Let us consider θ as the unknown parameter that is to be estimated. The fairness of a coin can be expressed through θ, considering the Bayesian Inference example. The coin is being flipped infinitely to check its fairness. So, every time while flipping, either there will be the head or a tail. The values that are assigned to the events are 0 and 1. This is also referred to as the Bernoulli trials. All the outcomes are considered independent. This can be expressed through an equation that defines the concept of likelihood. The likelihood is a density function which is a function of θ. For maximizing likelihood, the value of θ should result in the largest likelihood value. The method of estimation is also known as the Maximum likelihood estimate.
3. Posterior distribution
The result of the Bayes theorem is known as the posterior distribution.

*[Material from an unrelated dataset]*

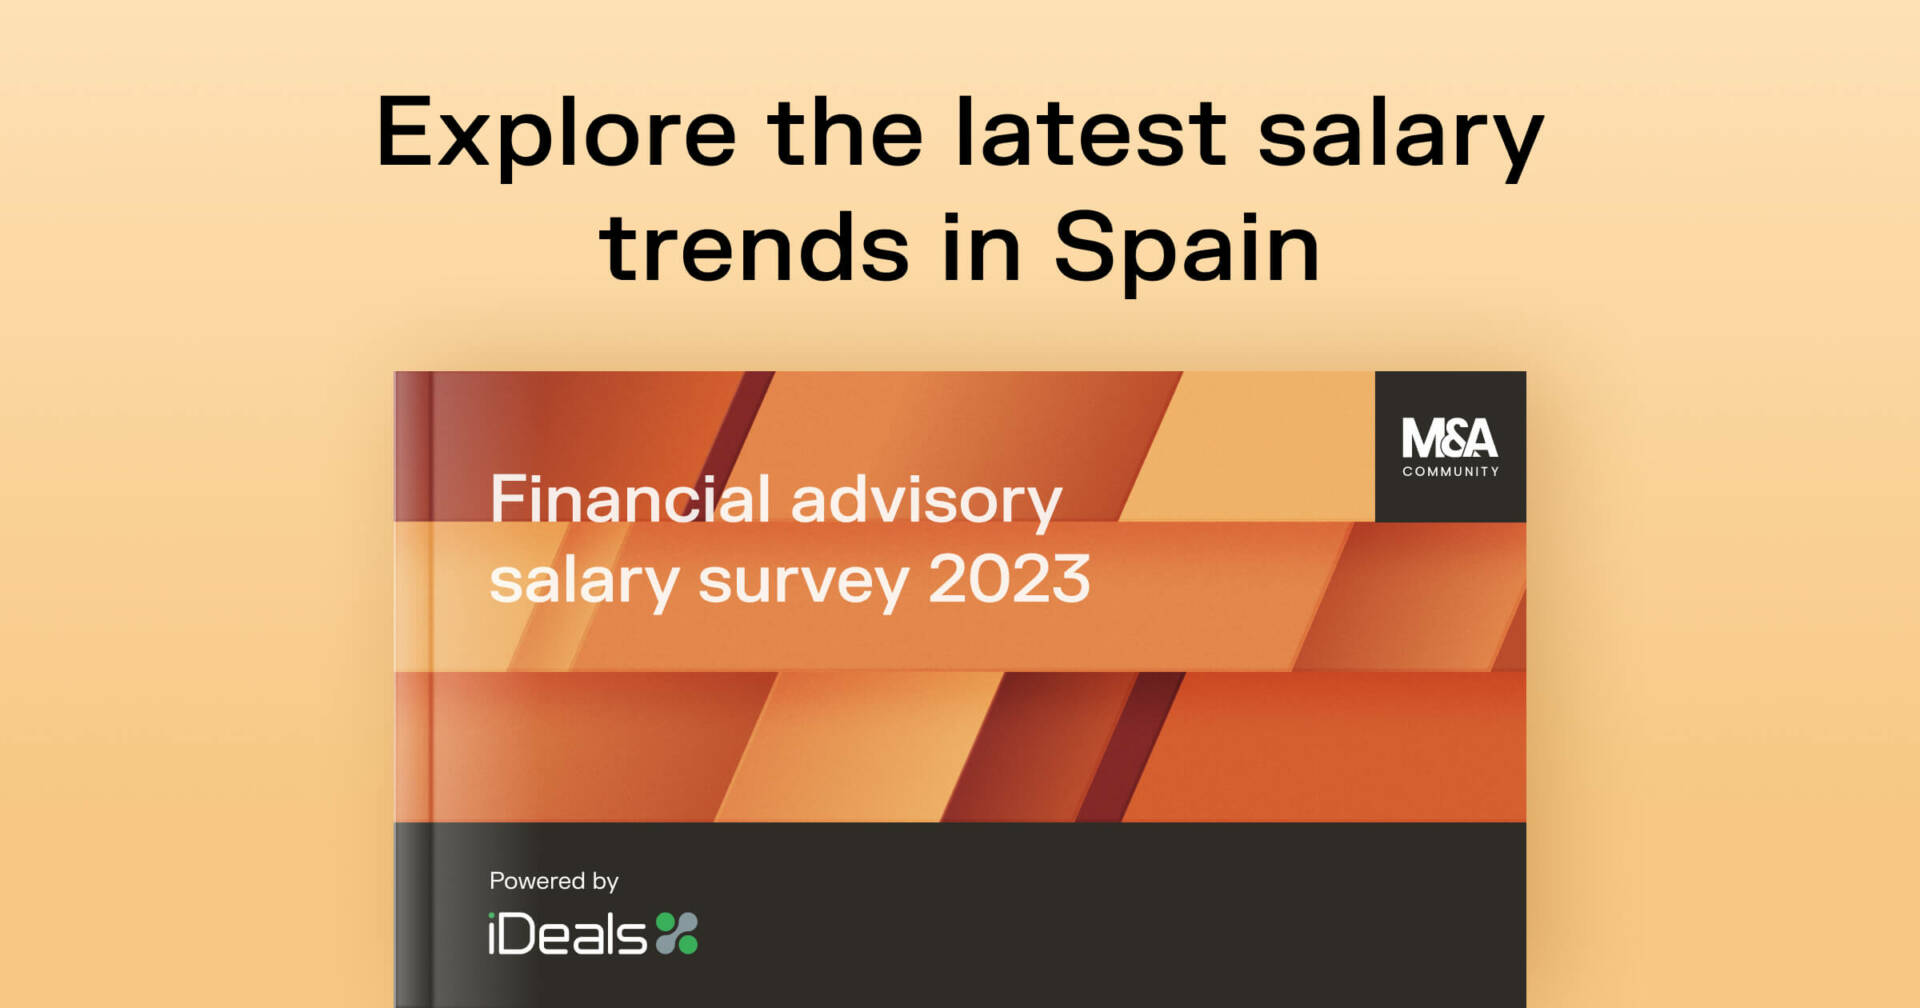 Financial advisory salary survey 2023, Spain iDeals Virtual Data Room

It is the updated probability of any event that takes place after considering the new information.
4. Bayesian Inference mechanism
As we have seen above, the Bayesian Inference method treats the concept of probability as some degree of belief. These beliefs are associated with the fact that the event might occur under such evidence. Therefore, the parameter theta “θ” is considered to be the random variable.

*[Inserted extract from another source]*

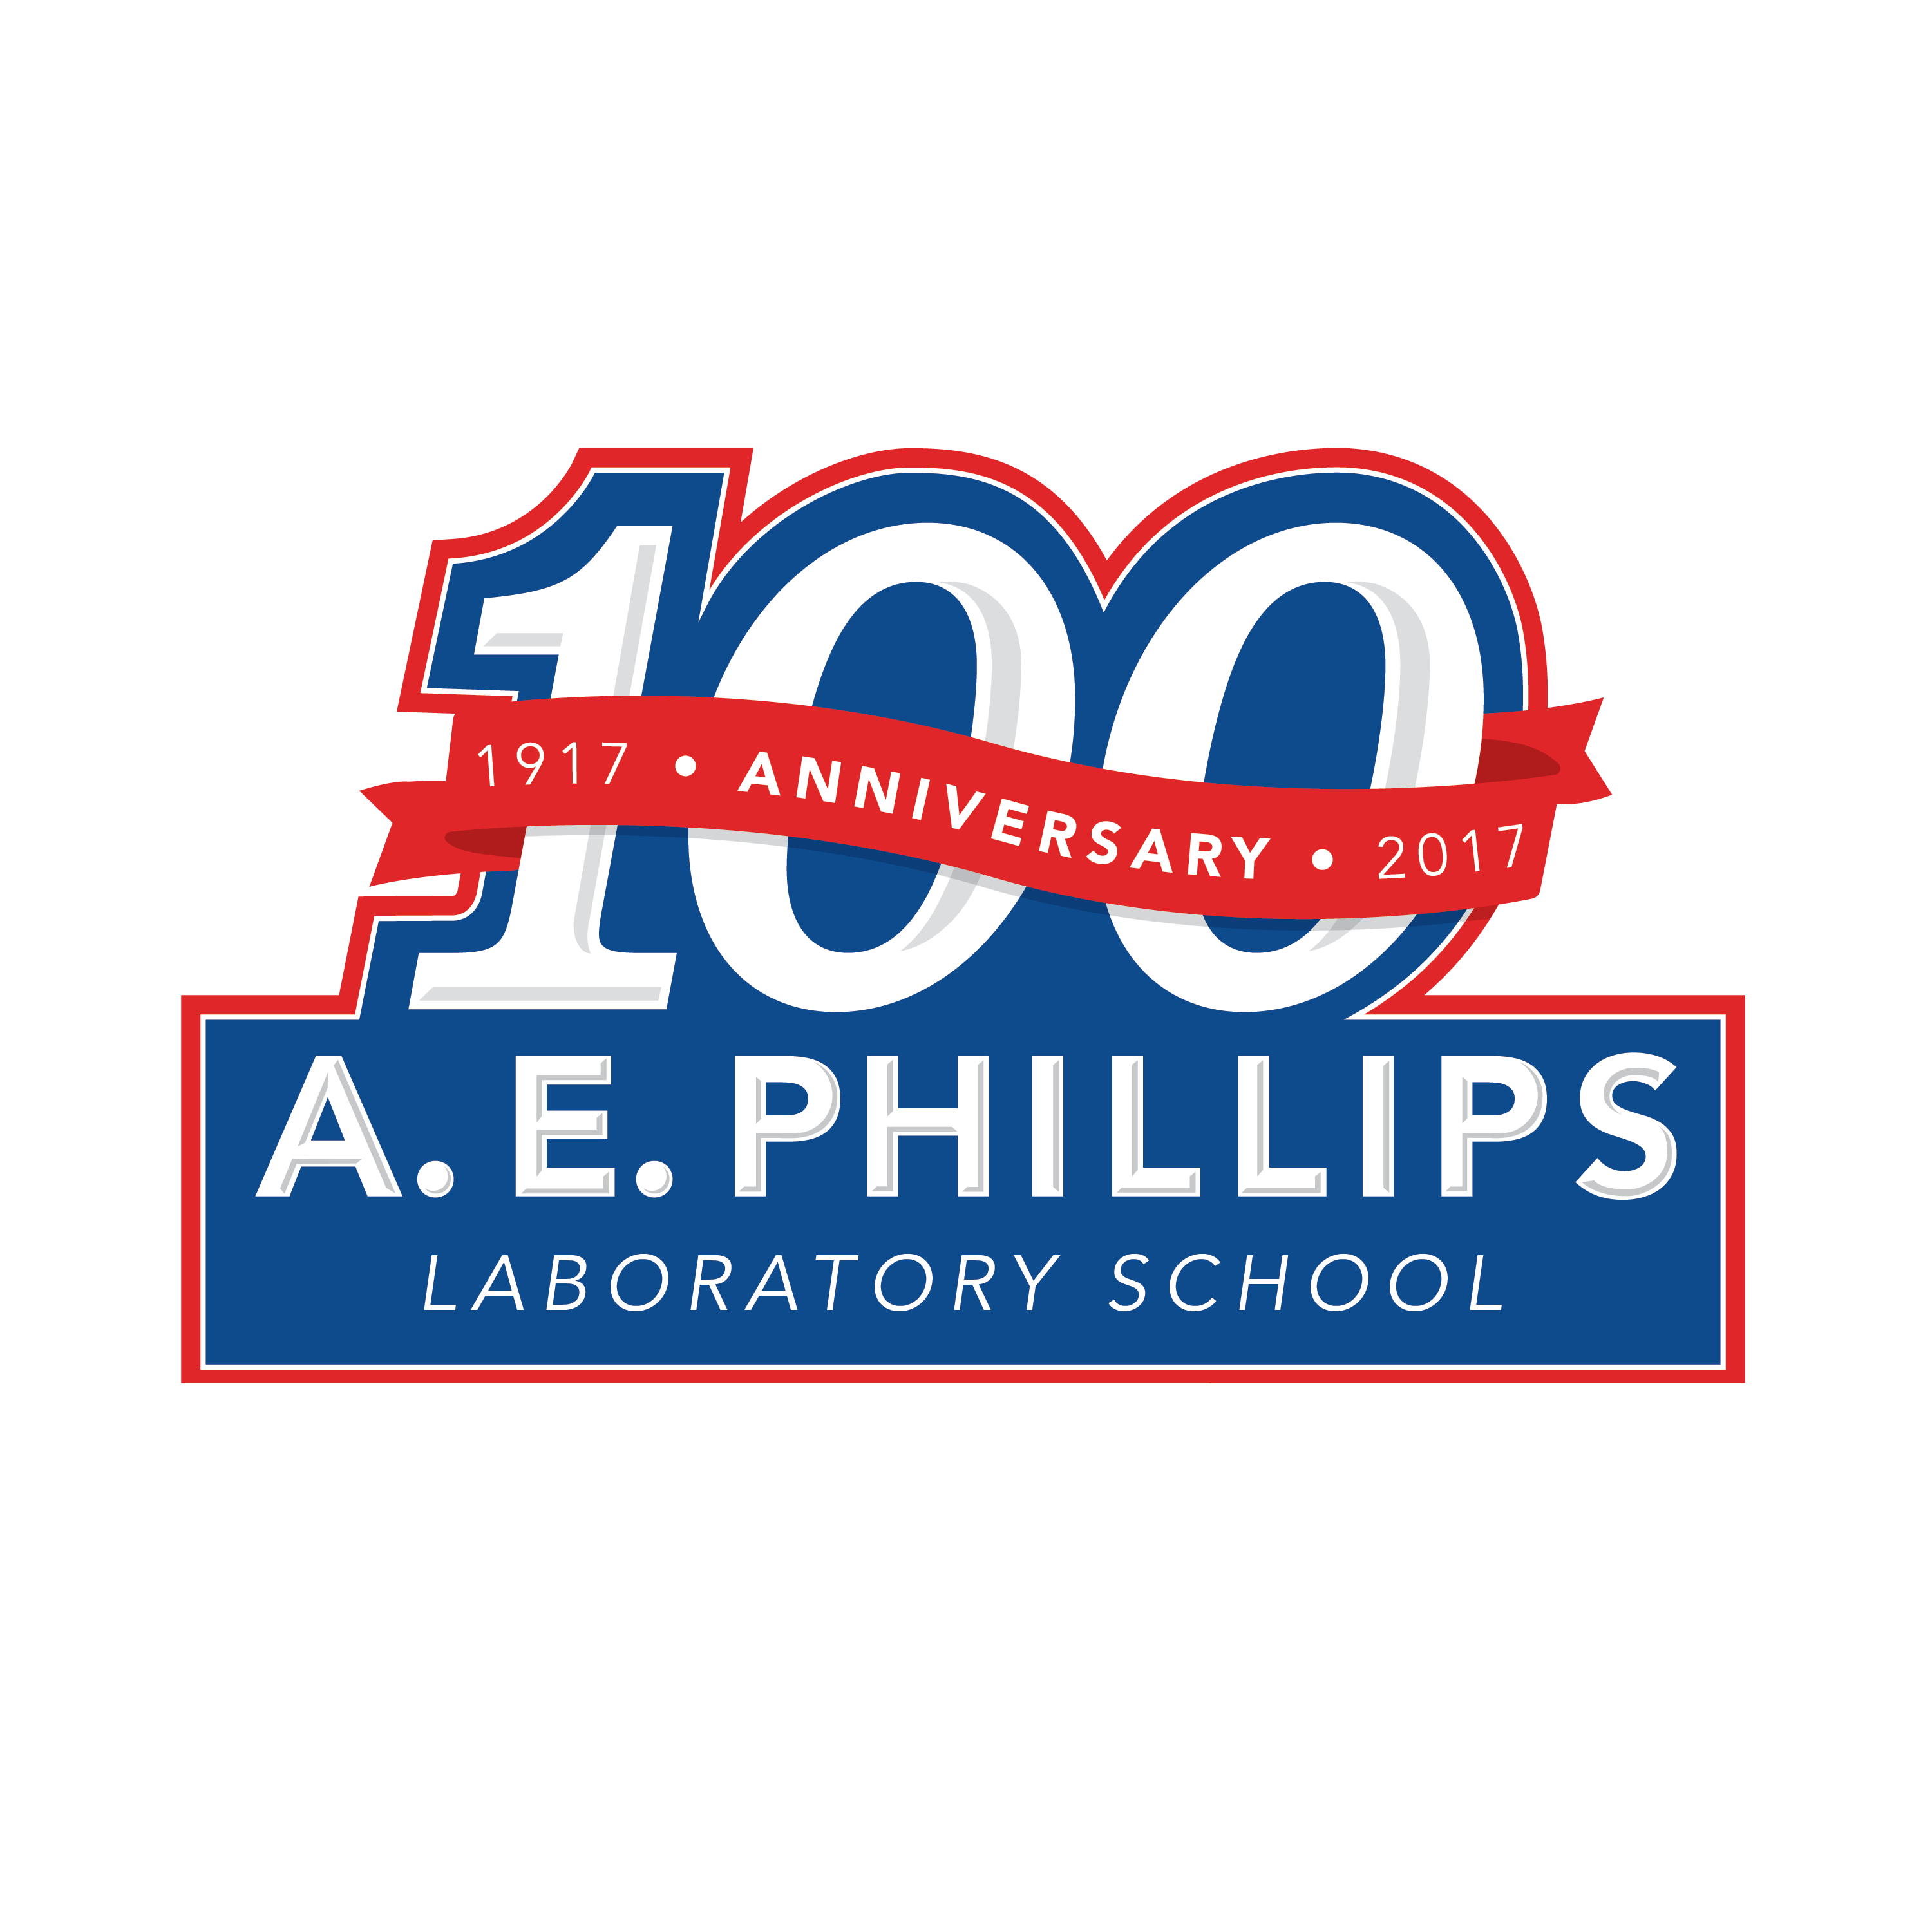 A. E. Phillips Centennial logo

5. Bayesian Inference application in financial risk
There are a lot of algorithms where Bayesian Inference can be applied. Some of the algorithms are neural networks, random forest, regression, etc. The method has also found popularity in the financial sector. It can be used for the operational risk modeling of several banks. The data of the banks that show the loss of operations shows some events that were lost. These lost events had a low frequency but had a high severity. Therefore, in such cases, the Bayesian Inference proves to be quite useful. This is because, in this method, a lot of data is also not required for the analysis.
Other statistical analysis methods, such as the frequentist methods, were also applied earlier for modeling operational risks. But there was a problem in estimating the uncertainty parameter. Therefore, Bayesian Inference has been considered to be the most effective method. This is because the expert opinions and the data can be used for deriving posterior distributions. In this type of task, the data of internal loss of the banks is broken down into several smaller fragments, and then the frequency of each of the fragments is estimated through expert judgment. This is then fitted into the distributions of the probability.

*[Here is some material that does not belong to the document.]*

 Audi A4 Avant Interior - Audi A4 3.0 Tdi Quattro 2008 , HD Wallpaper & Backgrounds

Join the Machine Learning Course online from the World’s top Universities – Masters, Executive Post Graduate Programs, and Advanced Certificate Program in ML & AI to fast-track your career.
In statistics and machine learning, the two main approaches that can be applied are the methods of Frequentist and Bayesian Inference. We have discussed the Bayesian Inference method in the article, where the probabilities are calculated as subjective beliefs. Along with the data, the personal beliefs of the people are also incorporated while estimating the probabilities. These make the model far more widely accepted in a lot of estimation studies. Therefore, the techniques of Bayesian Inference specify the methods or ways to apply your beliefs to the observation of data. Moreover, in many types of applications with a lot of noisy data, the Bayesian Inference technique can be used. Therefore, the power that lies in the Bayes’ rule can relate to a quantity that can be calculated to the one that can be used to answer questions of arbitrary nature.